Photo courtesy of Connie Huynh Fife.
It’s well known that Stanford has trained and educated countless professionals in state and federal government, including California Attorney General Xavier Becerra and U.S. Senator Dianne Feinstein. But those interested in local government, like alumnus Connie Huynh Fife, have also found Stanford to be a great launching pad for their careers.
“The local government sphere at Stanford is small,” Fife said. “But once you find the right connections, doors open.”
Fife graduated from Stanford with a bachelor’s degree in public policy in 2015 and a master’s degree in public policy in 2016. By building relationships at Stanford, including at the Bill Lane Center for the American West, Fife identified a career trajectory and opportunities that led to her first job after graduation. Today, she works for her hometown of Chula Vista, California.
“Working in the city where I grew up was always a goal of mine,” she said.
Making BLC connections
When Fife arrived at Stanford in the fall of 2011, she wasn’t sure what she wanted to study. After dabbling in economics, public health and communication, she settled on a public policy major her junior year.
Her senior year she attended an event hosted by the Stanford City Manager in Residence program, which brings local city and county managers to campus to discuss their work and how local governments are run.
“It was so eye opening and it made me find direction and realize that I wanted to pursue a career in city management,” Fife said.
She reached out to Bruce Cain, Stanford political science professor and director of the BLC, because he was familiar with and had connections in local government. He connected her to other professionals in the field and showed her which Stanford courses would support her interests, including Defining Smart Cities, Political Power in American Cities, and Regional Politics and Decision Making in the Silicon Valley, all of which she took. Cain, who would become Fife’s senior advisor, also encouraged her to pursue a fellowship with the city manager of National City, California, the only female city manager in San Diego County at the time. Curious about the lack of female leadership in cities, Fife said the job motivated her to continue working in local government.
“Bruce Cain was so open to helping me establish some connections and pointing me in the right direction,” Fife said.
One of those connections was Preeti Hehmeyer, associate director of the BLC, who encouraged Fife to apply for a scholarship to attend a city manager’s conference in Palm Springs. There, Fife met the city manager of Menlo Park – a connection that would serve her well in her career.
“I followed up with them after the conference and said, ‘if there are any opportunities to get an internship with your city, please keep me in mind,’” she recalled.
A few weeks later they contacted Fife with an offer for an internship, which she completed in three months. After finishing her master’s degree in 2016, she landed a job with the city of Menlo Park as an analyst in the city manager’s office, working on various projects.
“An analyst’s job is to be a Jack-of-all-trades.

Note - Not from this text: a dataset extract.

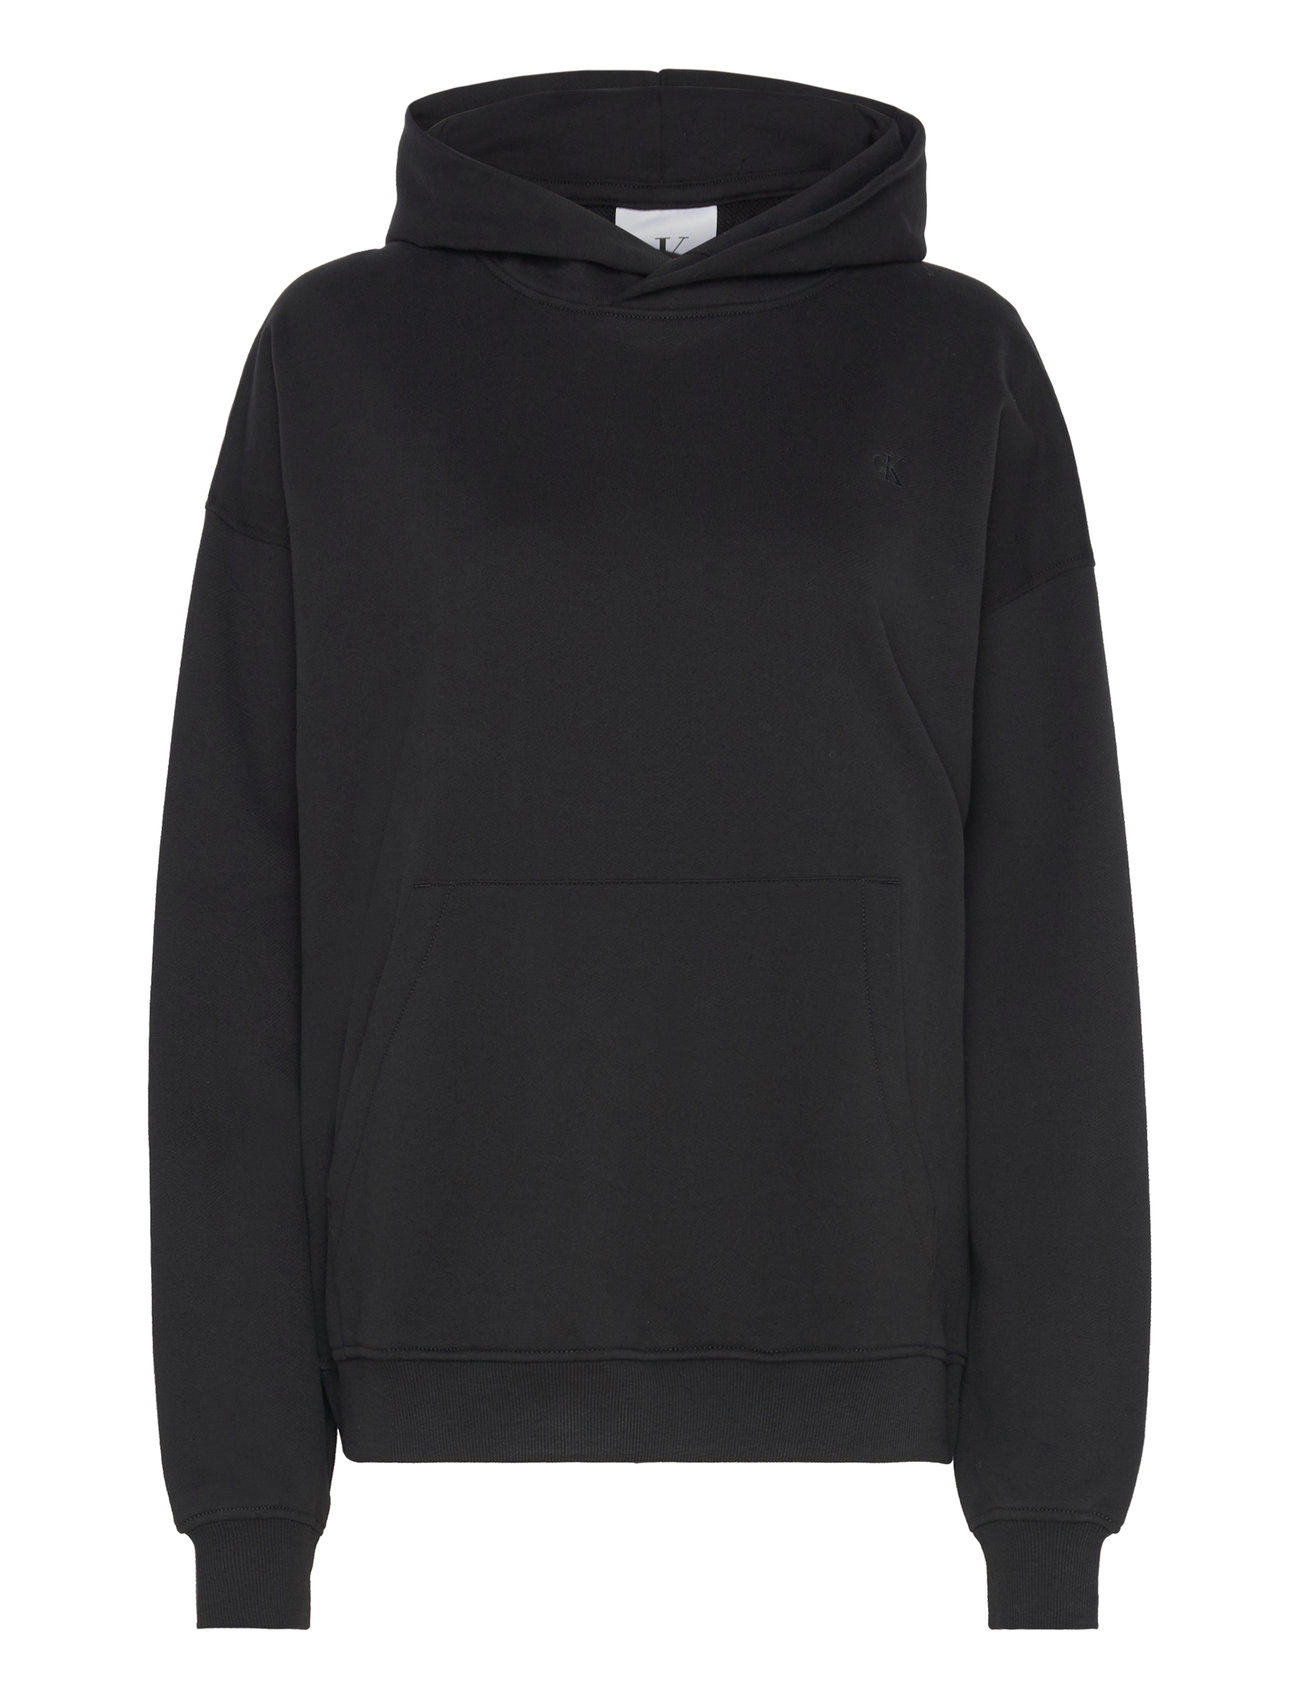 Box Graphic Relaxed Hoodie Tops Sweatshirts & Hoodies Hoodies Black Calvin Klein Jeans

I worked on employee recruitment, city development, policy analysis, and other special projects,” she said. “The analyst’s role is so versatile and I love it. I really like being in the nitty gritty of local government.”

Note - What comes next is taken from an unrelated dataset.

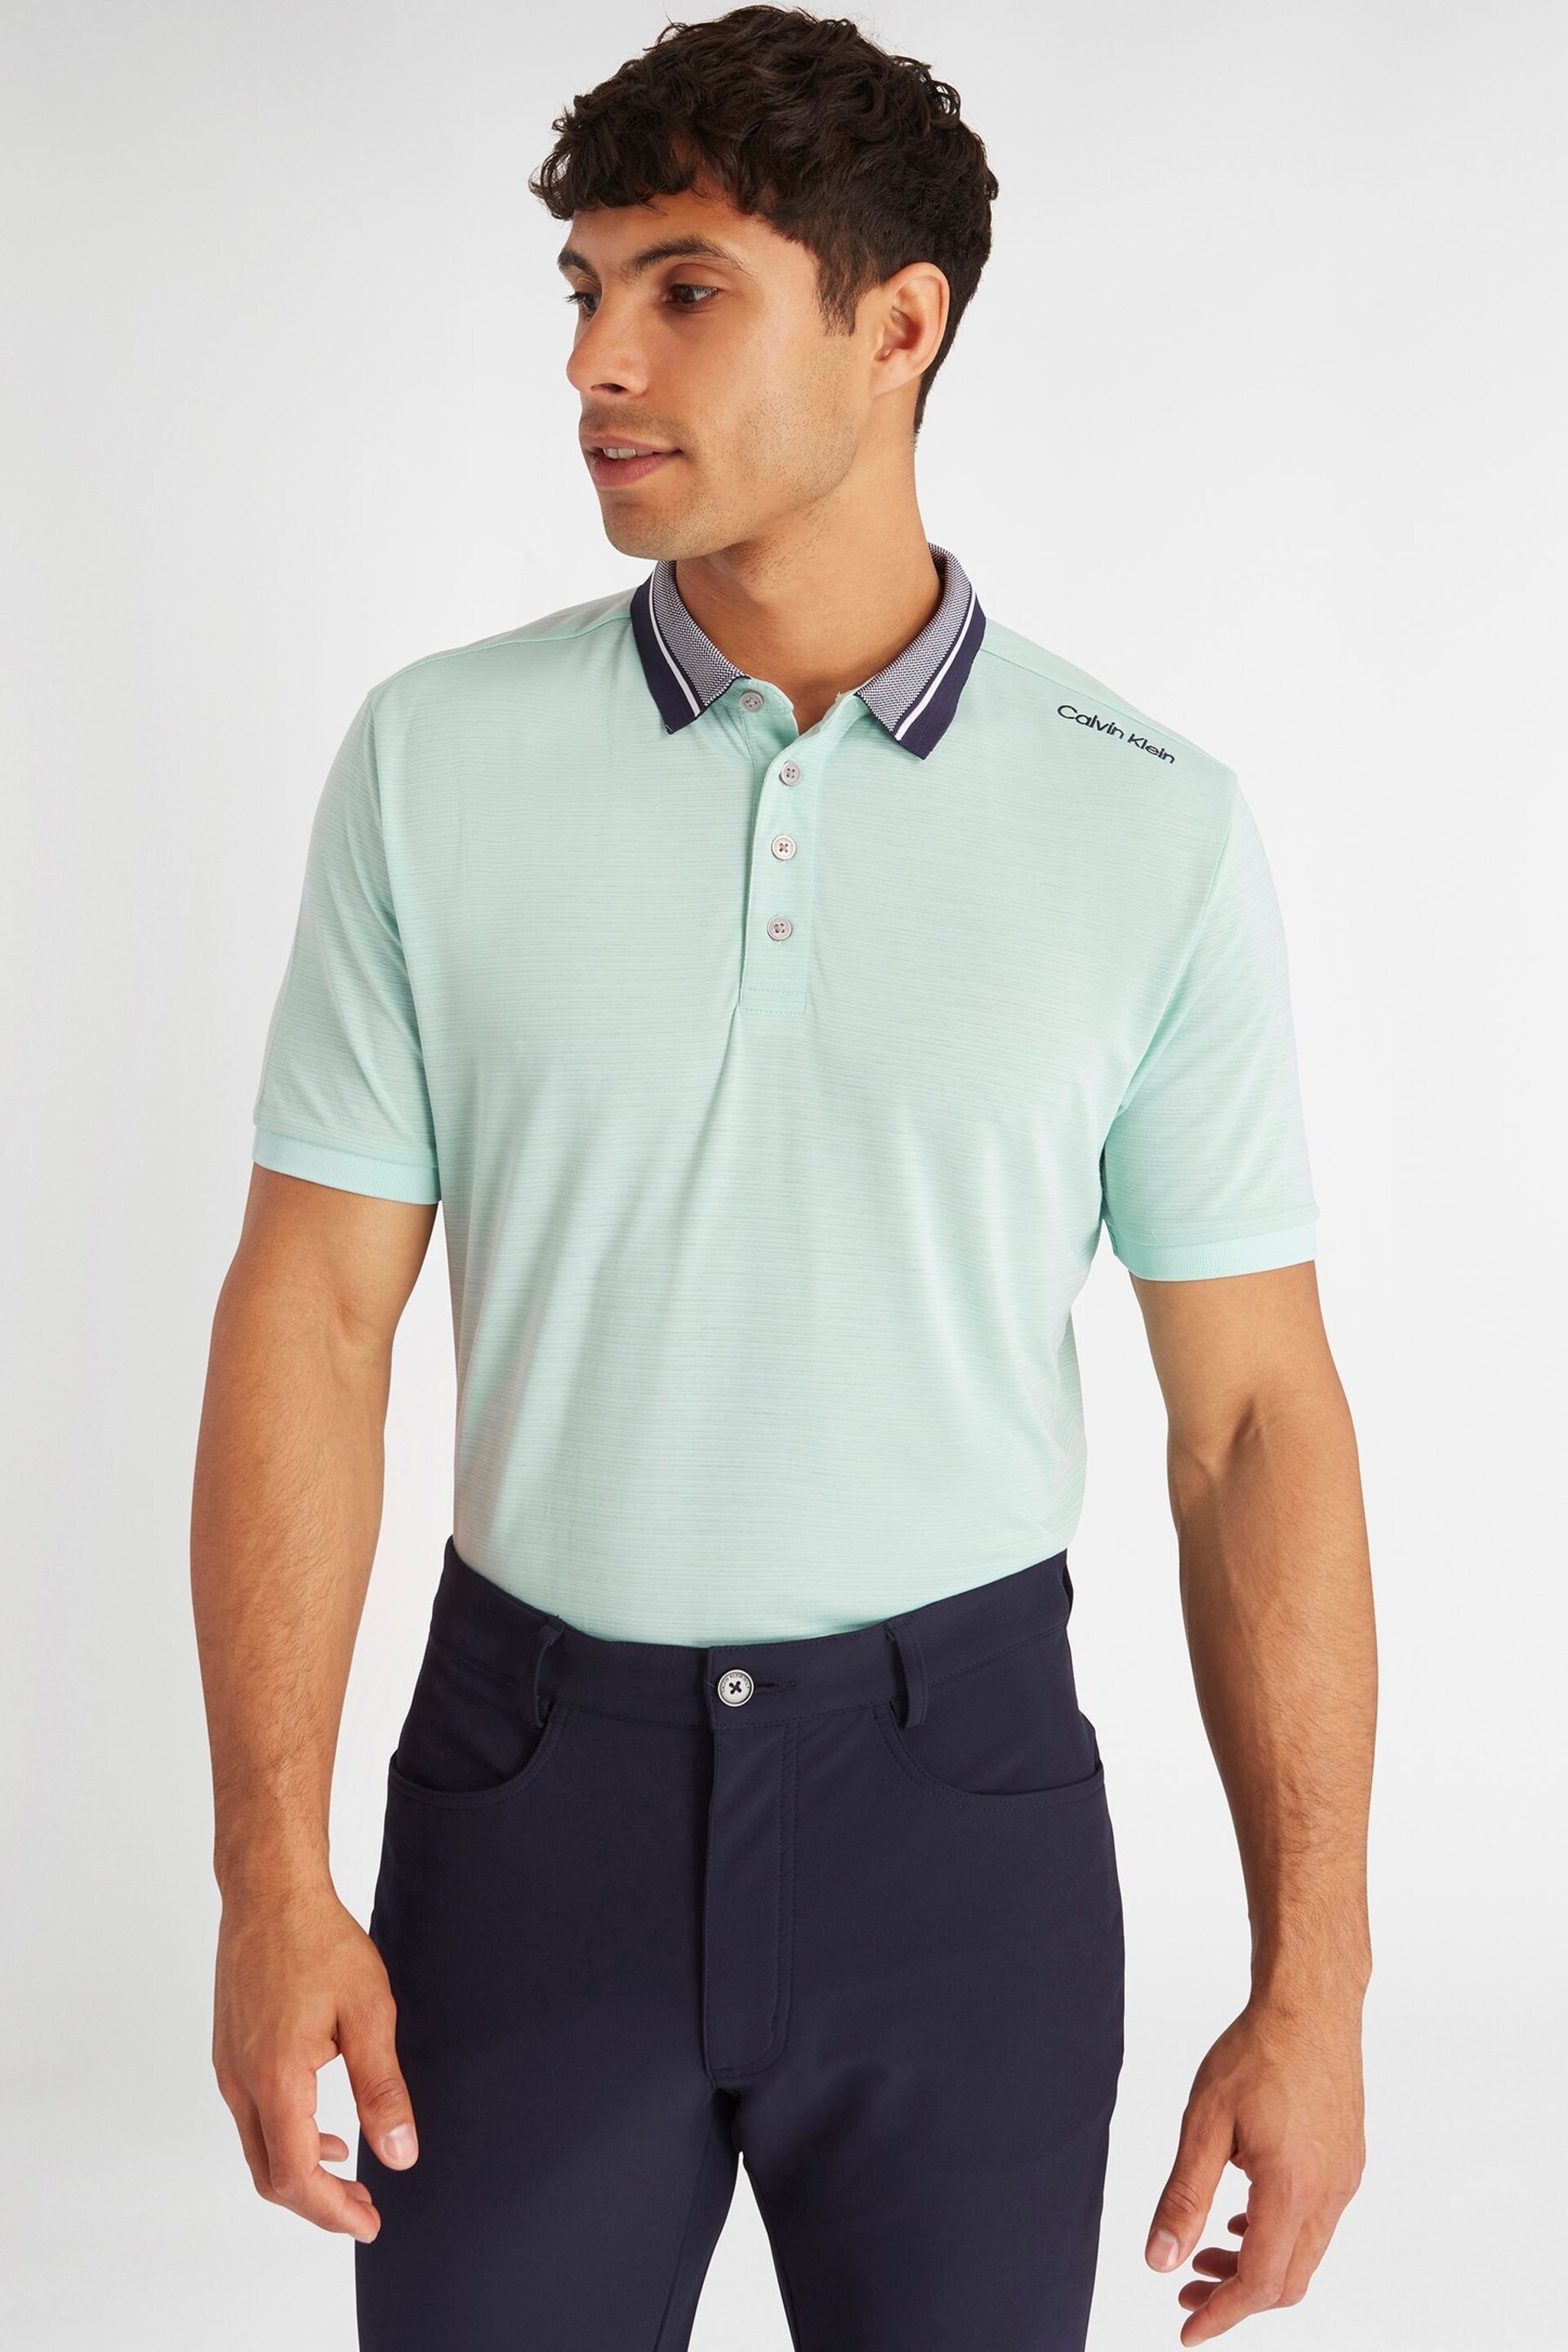 Calvin Klein Golf Navy Parramore Polo Shirt - Image 5 of 12

After working in Menlo Park for a year, Fife landed a job as a management analyst for her hometown of Chula Vista, a role she held for four years. She was recently promoted and is now a development automation specialist for the city, a role in which she leads the development services department in streamlining processes and incorporating modern technology to assist internal and external customers.
For students who are uncertain about their academic or career paths, as Fife was when she first came to Stanford, she encourages them to explore their interests, especially during the summer quarter.
“Summer is a beautiful time to pursue your interests. Do an internship in a field that you’re potentially interested in pursuing down the road as a career because this will give you a glimpse into whether you really do want to pursue that field,” she said. “If you love it, then great, keep pursuing that track; if not, no problem, you spent a summer exploring and now you can pivot to a new field. When you graduate, employers look at your resume and if you don’t have work experience, they won’t know what you’re work capabilities are.”
And for those interested specifically in local government, she encourages them to expand their networks.
“Establishing connections can really help you navigate this territory,” she said. “The connections I made at the Bill Lane Center are what got me my first job out of college.”